Pub Date : 2025-09-11DOI: 10.1109/TPAMI.2025.3609288
Jiang Liu;Bobo Li;Xinran Yang;Na Yang;Hao Fei;Mingyao Zhang;Fei Li;Donghong Ji
Multimodal information extraction (IE) tasks have attracted increasing attention because many studies have shown that multimodal information benefits text information extraction. However, existing multimodal IE datasets mainly focus on sentence-level image-facilitated IE in English text, and pay little attention to video-based multimodal IE and fine-grained visual grounding. Therefore, in order to promote the development of multimodal IE, we constructed a multimodal multilingual multitask dataset, named M$^{3}$D, which has the following features: (1) It contains paired document-level text and video to enrich multimodal information; (2) It supports two widely-used languages, namely English and Chinese; (3) It includes more multimodal IE tasks such as entity recognition, entity chain extraction, relation extraction and visual grounding. In addition, our dataset introduces an unexplored theme, i.e., biography, enriching the domains of multimodal IE resources. To establish a benchmark for our dataset, we propose an innovative hierarchical multimodal IE model. This model effectively leverages and integrates multimodal information through a Denoised Feature Fusion Module (DFFM).
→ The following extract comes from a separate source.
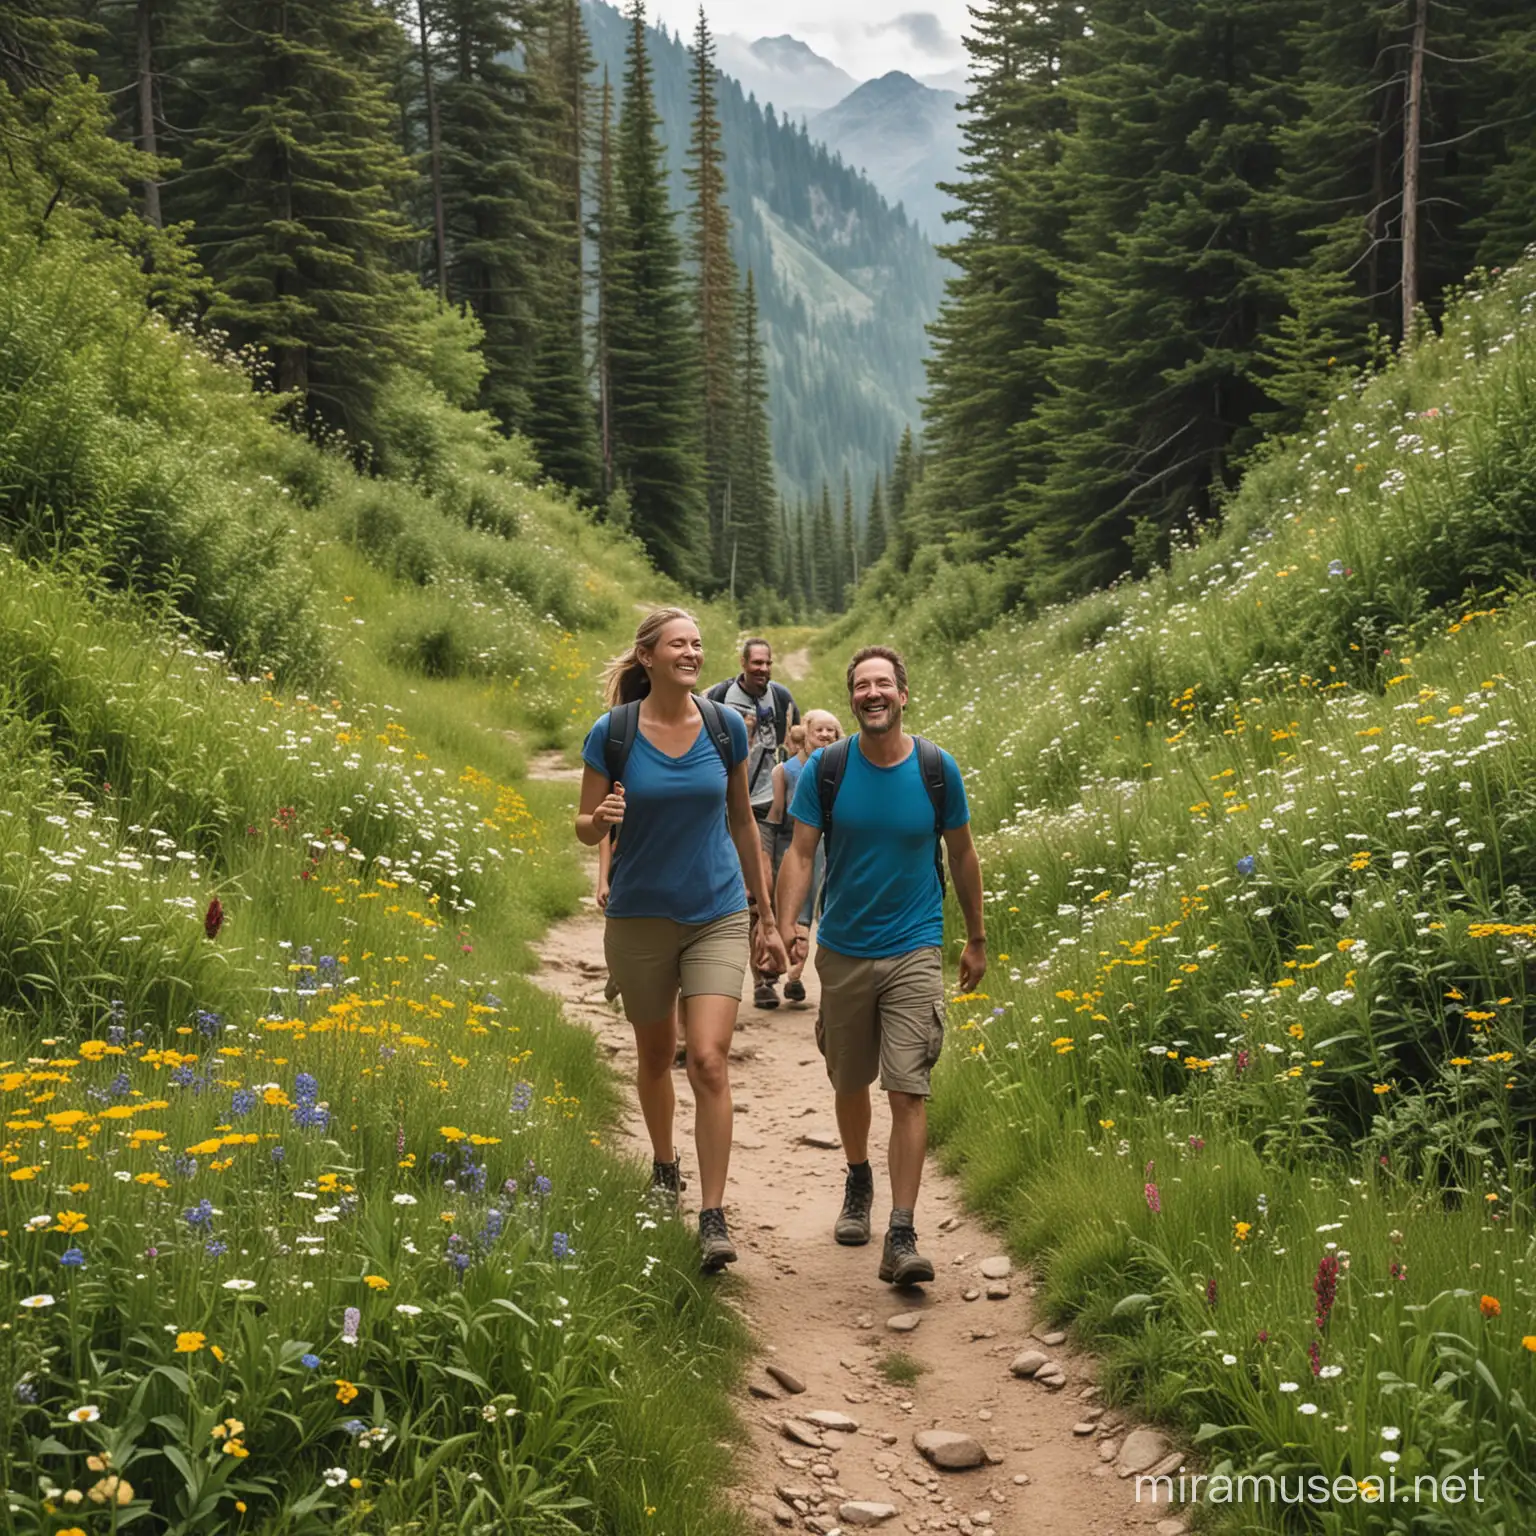 "A father smiles as he leads his family on a scenic hike through the mountains, surrounded by lush greenery and vibrant wildflowers. They laugh and bond while getting their hearts pumping and enjoying the beauty of nature—a perfect blend of exercise and relaxation for a fulfilling weekend."

Furthermore, in non-ideal scenarios, modal information is often incomplete. Thus, we designed a Missing Modality Construction Module (MMCM) to alleviate the issues caused by missing modalities. Our model achieved an average performance of 53.80% and 53.77% on four tasks in English and Chinese datasets, respectively, which set a reasonable standard for subsequent research. In addition, we conducted more analytical experiments to verify the effectiveness of our proposed module. We believe that our work can promote the development of the field of multimodal IE.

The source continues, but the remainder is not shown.